Another story goes like this: in the last several decades, airlines have merged into a cozy oligopoly (‘because capitalism’) and killed competition. As a result, they now extract rents from captive passengers. Four carriers control 74% of the domestic market, and use their market power to shrink seats, charge for bags, and oversell flights because consumers have nowhere else to go. The problem is consolidation and monopoly, and the solution is antitrust.
At first glance, both stories make sense.

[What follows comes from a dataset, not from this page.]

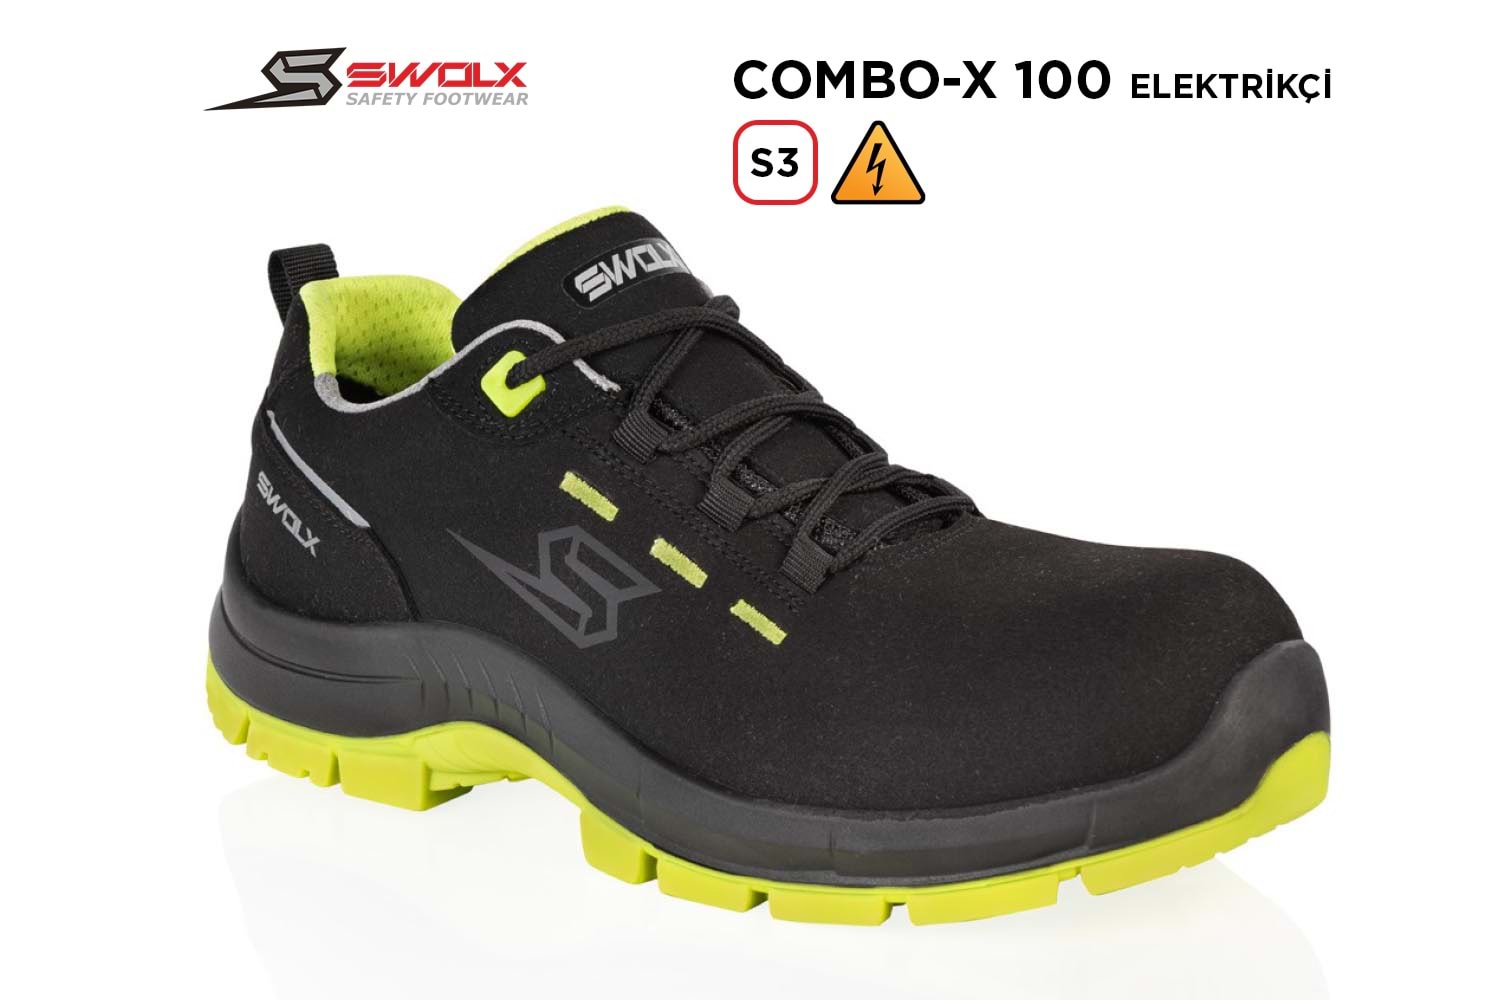 Swolx İş Ayakkabısı - Combo-X 100 S3 Elektrikçi - 41

Consumer price sensitivity is certainly real, and consolidation has given airlines market power they’d never had before. Where they both fall short is the question of timing.
Airlines in the USA have had the legal freedom to charge for bags, unbundle fares, and cram seats tighter since deregulation back in 1978. Given that, why did bag fees appear in 2008 rather than 1988? Why did the ‘Basic Economy’ fare class emerge after 2012? Why did plane crowding (the percentage of occupied seats aboard a flight, which industry analysts call load factor) jump from 72% to 84% this century, rather than before?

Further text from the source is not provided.